Sometimes, companies with minor problems can become ridiculously cheap because of market sentiment. I believe such a situation is happening with TransAlta Corporation (TSX:TA)(NYSE:TAC), one of Canada’s largest suppliers of power.
There are, admittedly, a few issues plaguing this company. Back in 2012 and 2013 the company was hampered by low power prices in Alberta, its main area. It also suffered from the advance in the Canadian dollar, which suppressed results from its U.S. operations once converted back to loonies. And finally, the company was hit by a number of unscheduled and costly repairs to some of its older plants.
These factors all culminated in early 2014 when management finally slashed the quarterly dividend from $0.29 per share to today’s level of $0.18. That move sent shares reeling, falling from $15 to $12 each in just a few weeks.
Since then, although management has improved several of the issues that led to the troubles in the first place, shares have sold off considerably more to today’s level of $9.70 each.

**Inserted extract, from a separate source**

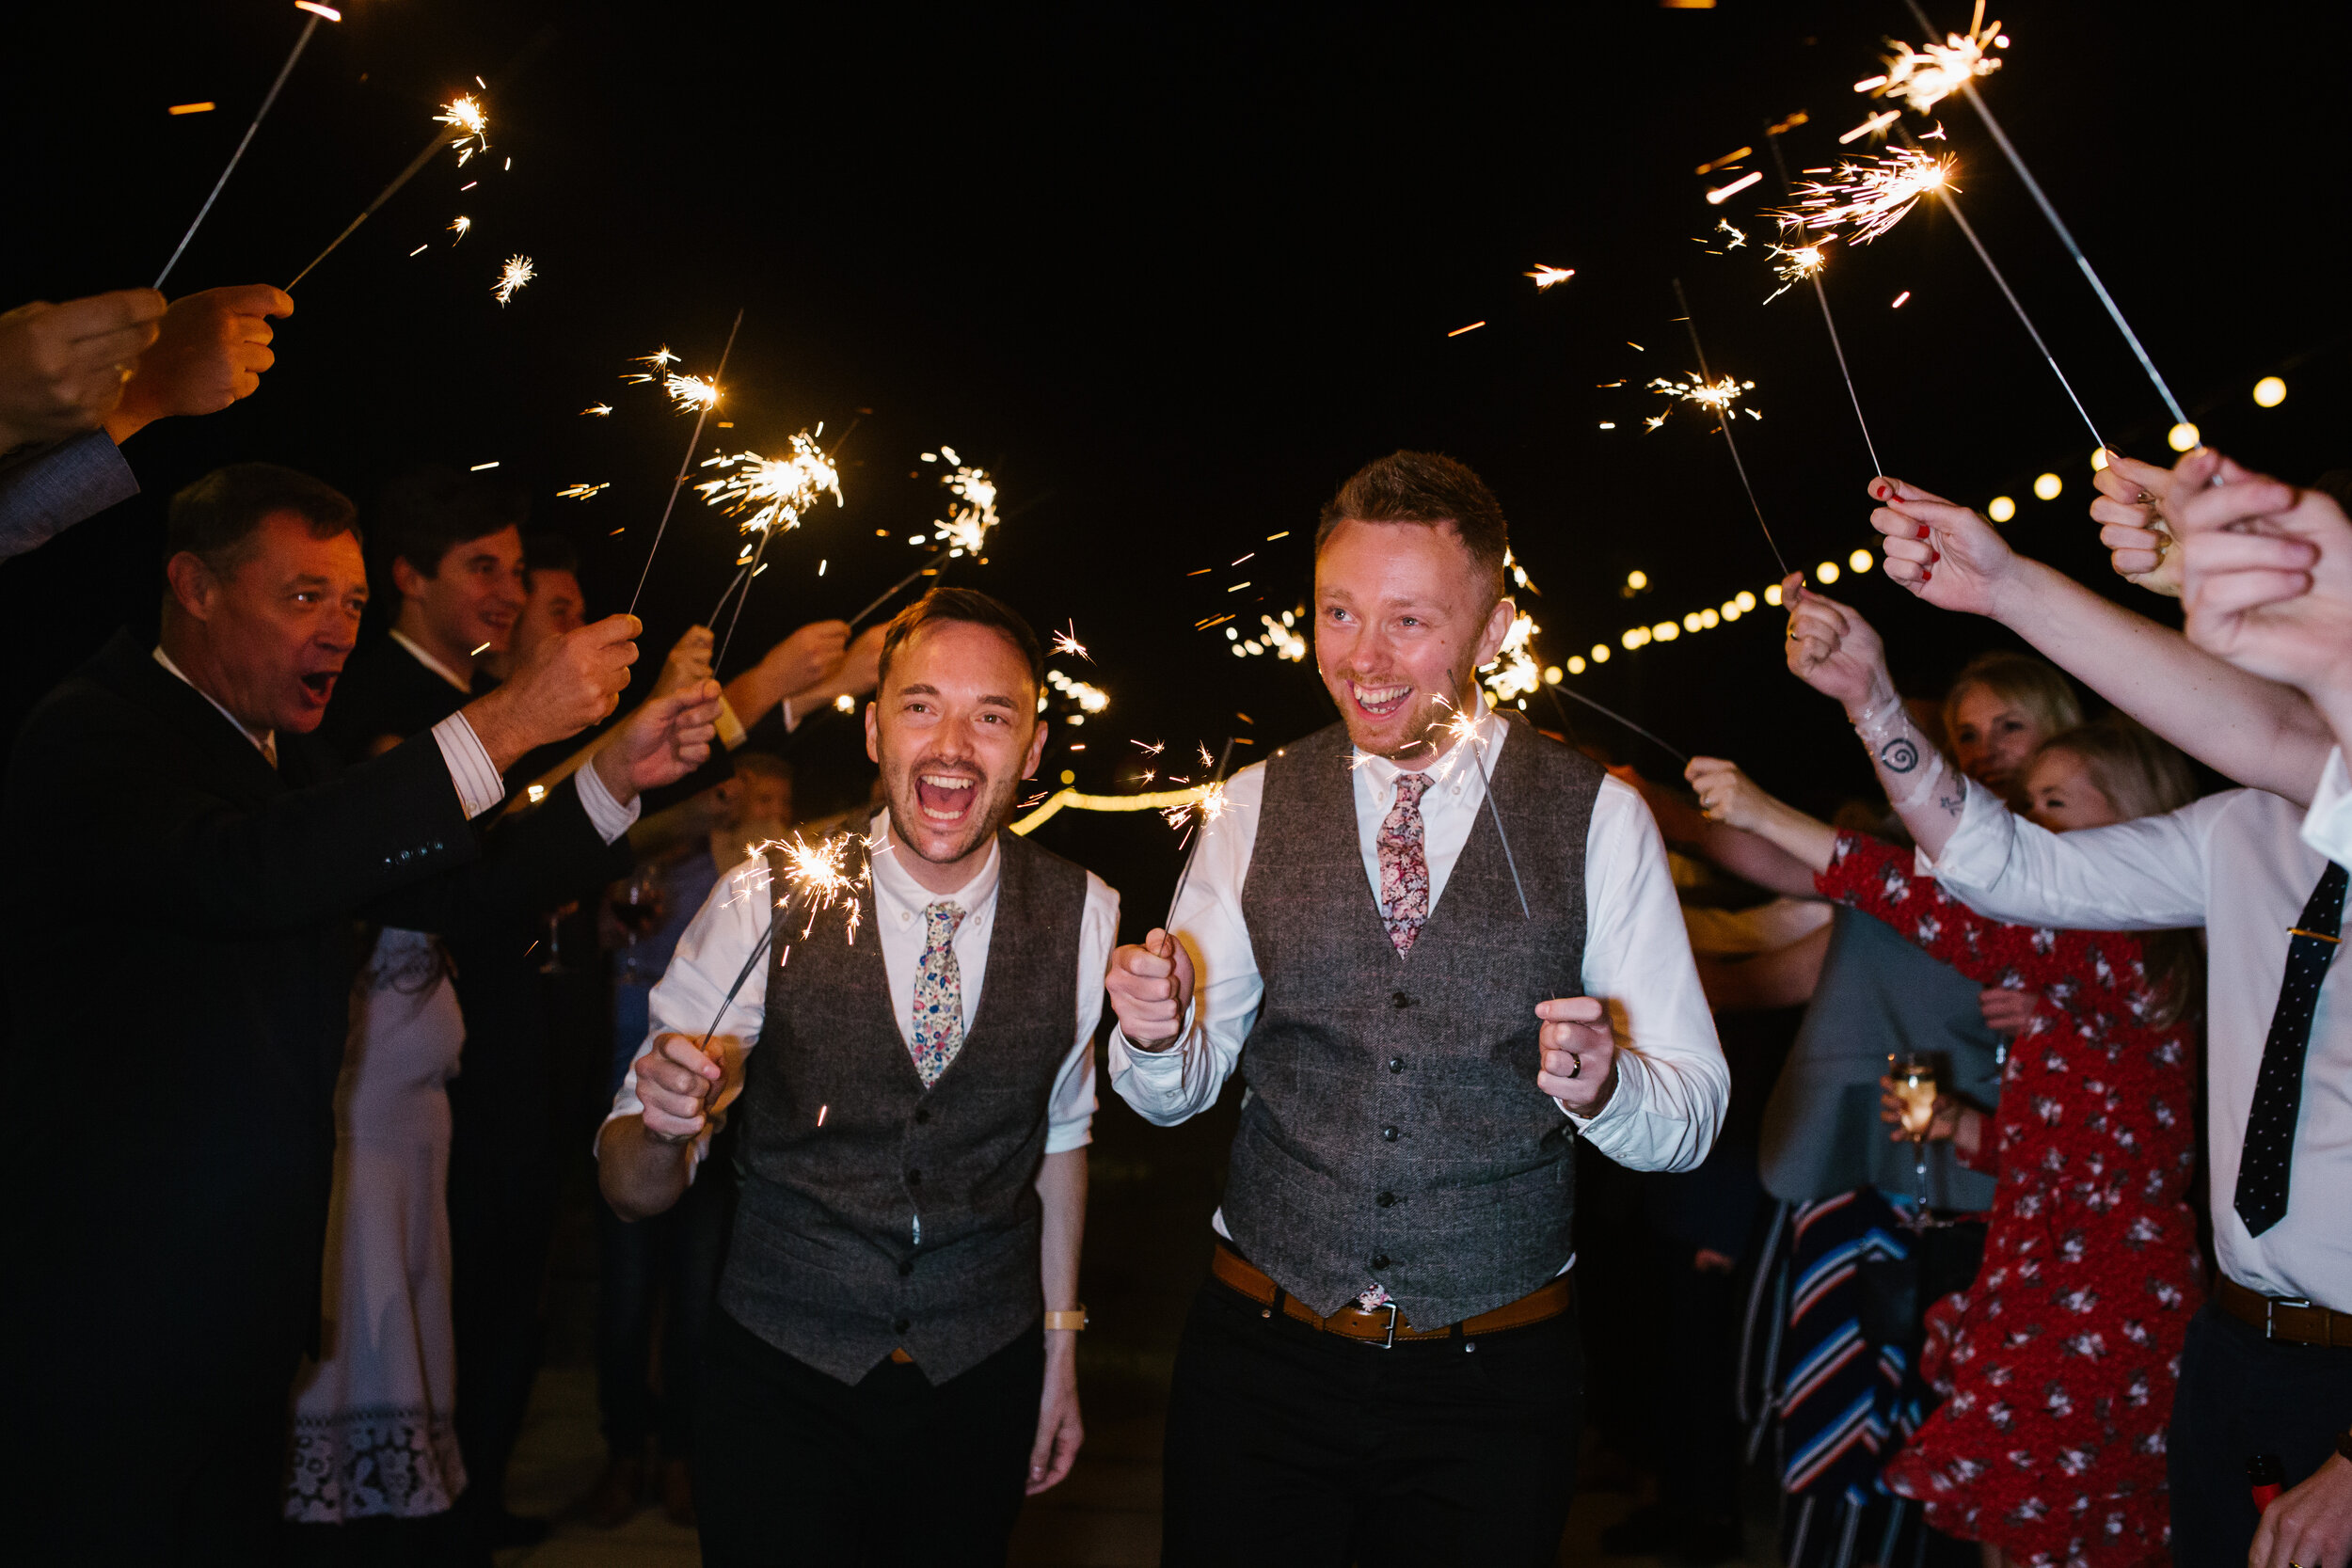 natural photo of grooms walking with sparklers

The latest weakness is mostly due to the new NDP government in Alberta, which is somewhat opposed to coal-fired power.
That’s a lot of bad news packed into one stock, but for value investors, there could be opportunity. Here’s why I’m looking very hard at the stock for my portfolio, and why I think others should do the same.
It’s very cheap
The question that should be on every investor’s mind is just how much TransAlta’s power plants are worth.
They’re older plants, which means the company has depreciated them on the balance sheet. The current book value of the whole company is approximately $12 per share, but that’s likely understated. In reality, because the plants have been depreciated so much, book value is likely closer to $15-17 per share. That represents upside of more than 50% compared with today’s levels.
Improving balance sheet
The company is also taking steps to get debt off its balance sheet. It recently announced a transaction with its subsidiary TransAlta Renewables Inc. to get rid of Australian assets for $1.78 billion. Approximately $300 million from the transaction will go towards paying off debt.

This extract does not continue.